**TASK DESCRIPTION:** From the line with "Boom! NASA just" down to the final line of the material, please transcribe everything exactly, but leave the pictures out.

**COLLECTED MATERIAL:**

════════════════

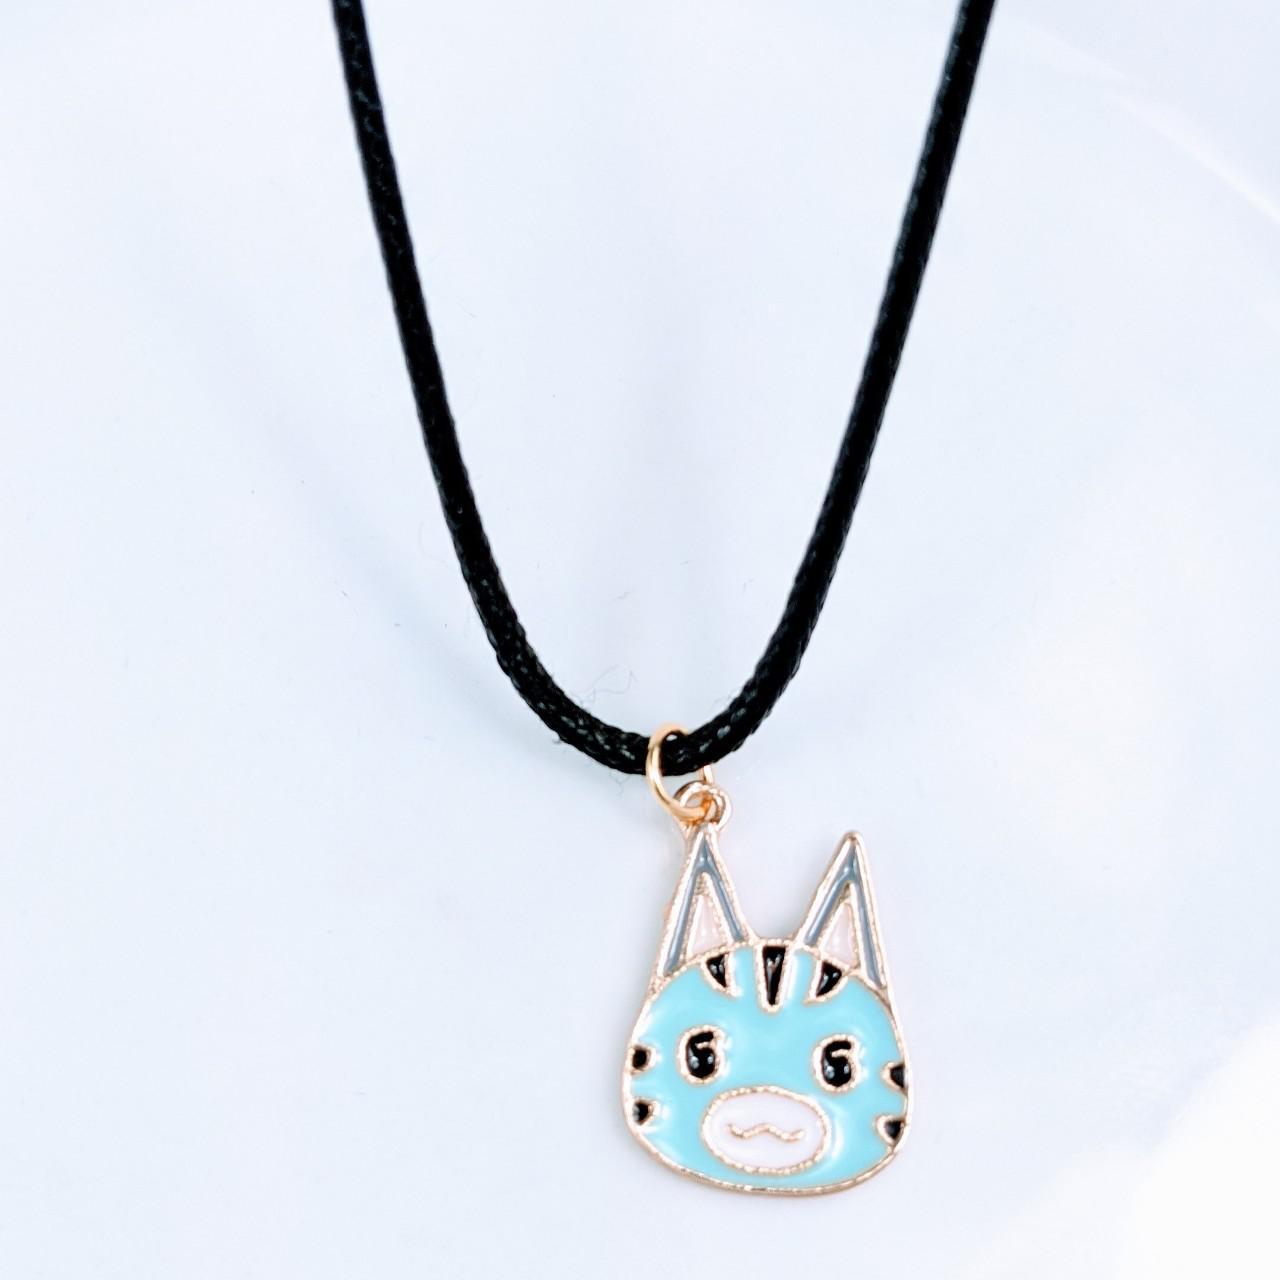 Product Image 1 - Animal Crossing Cat Necklace
Brand new.
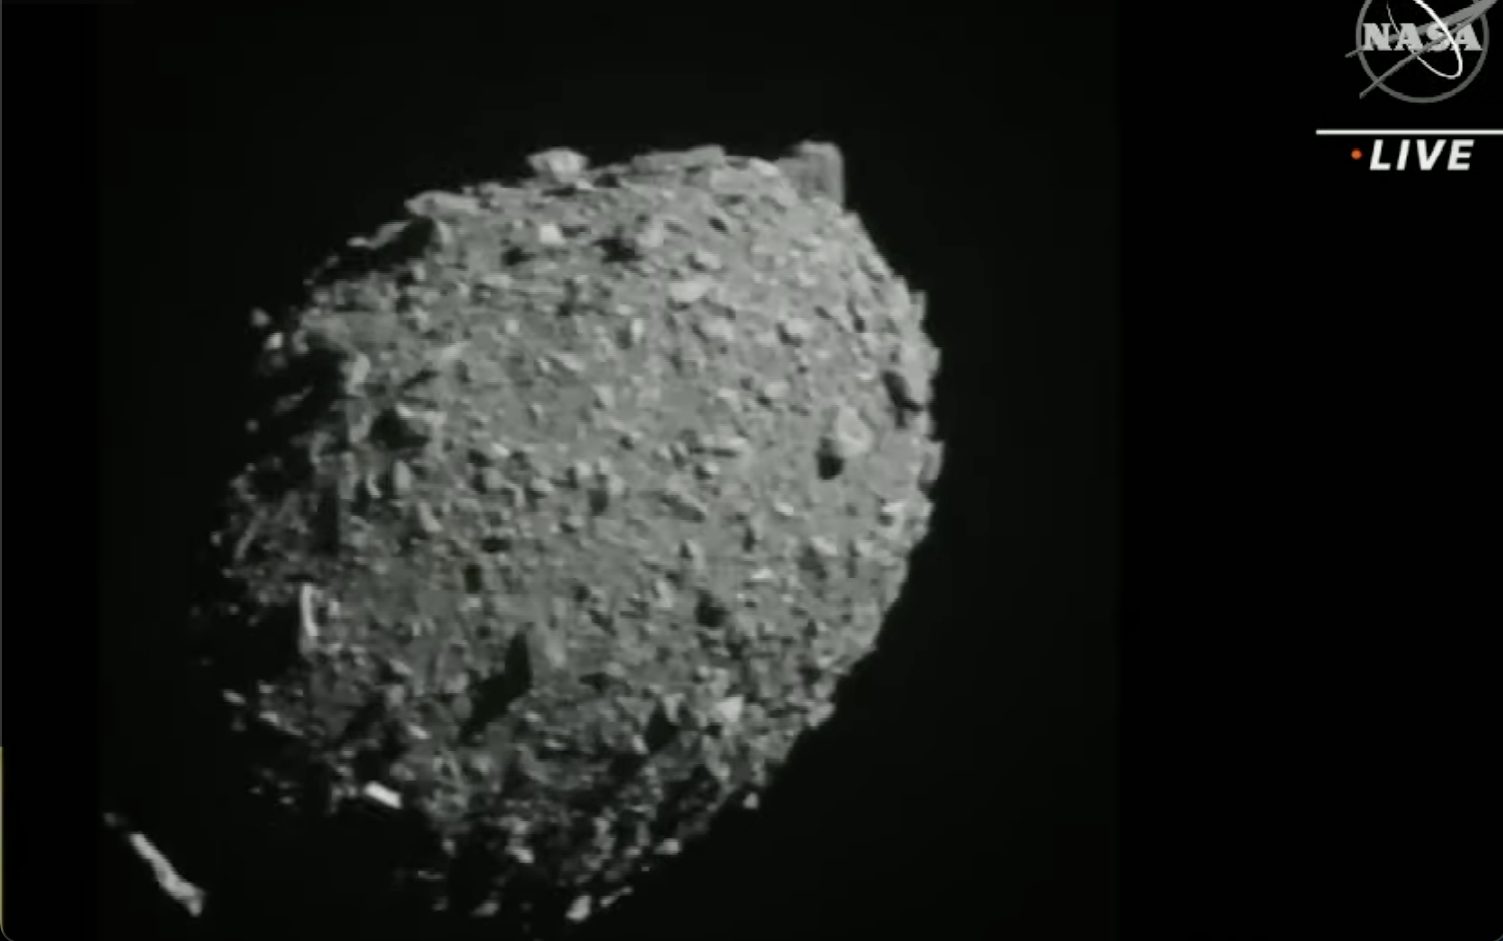 Boom! NASA just slammed into an asteroid and filmed the crash
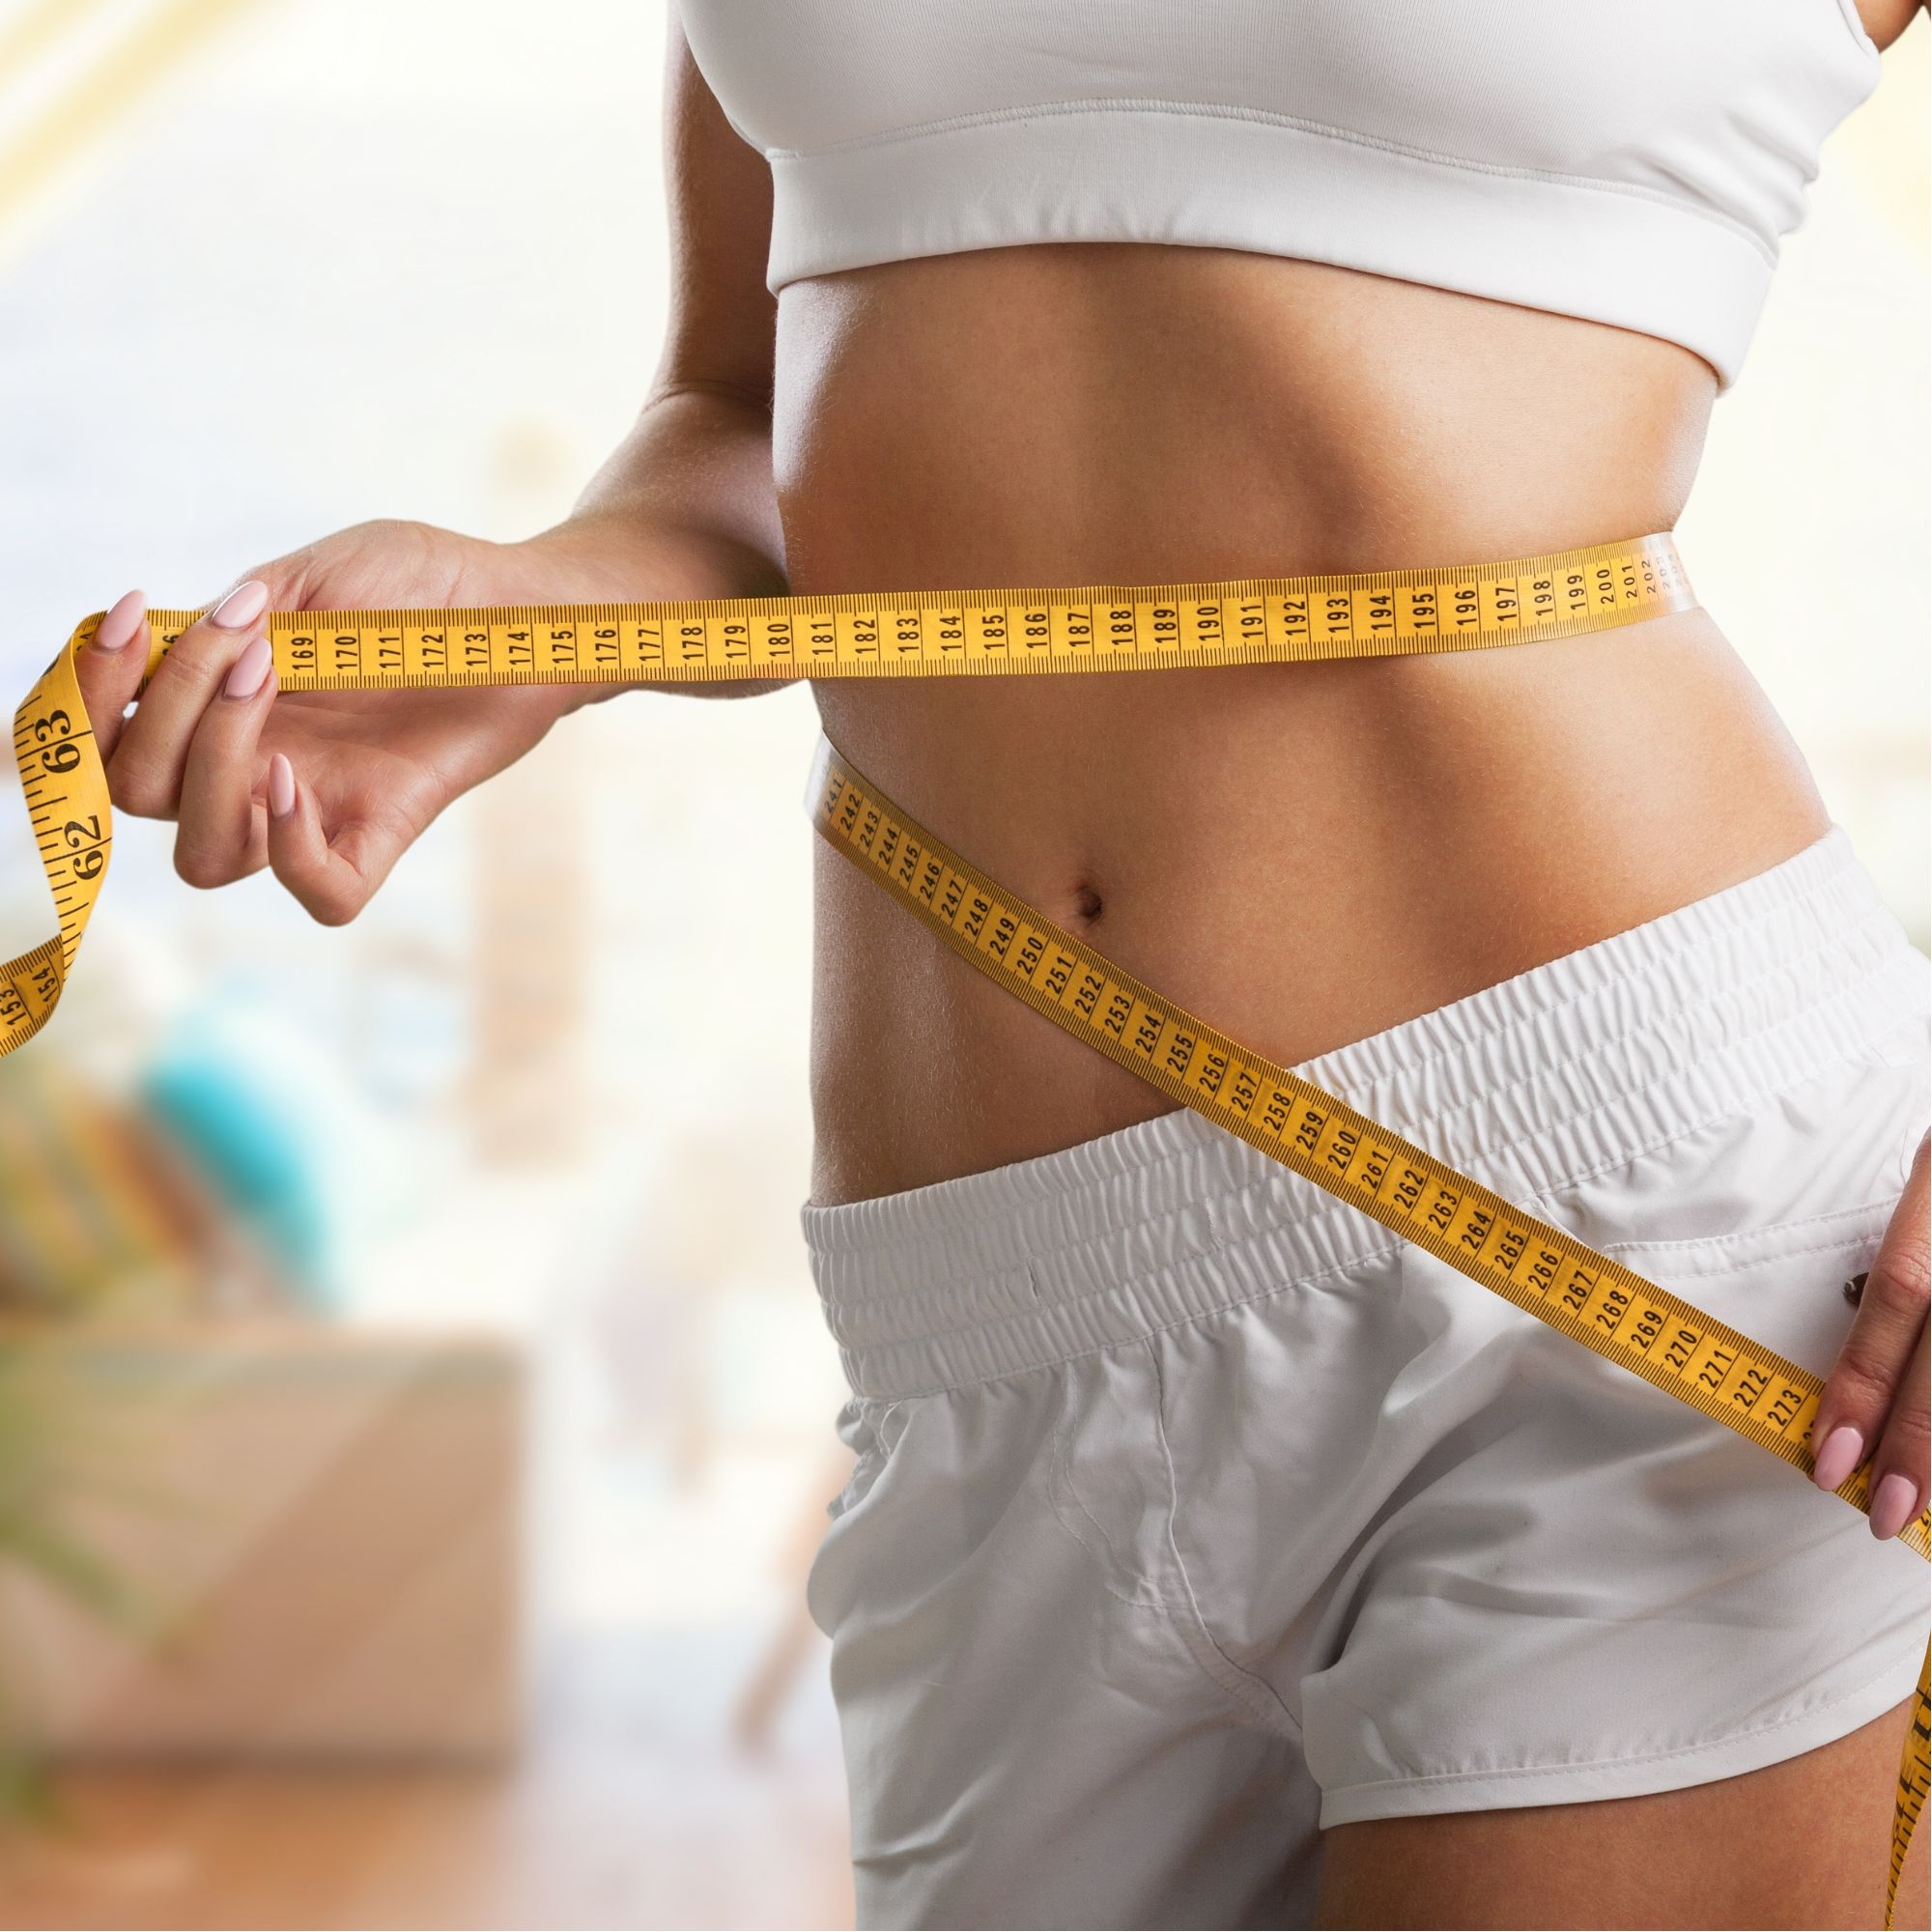 MEDICALLY SUPERVISED WEIGHT LOSS

════════════════

**ANSWER FOR THIS EXERCISE:**
 Boom! NASA just slammed into an asteroid and filmed the crash
 MEDICALLY SUPERVISED WEIGHT LOSS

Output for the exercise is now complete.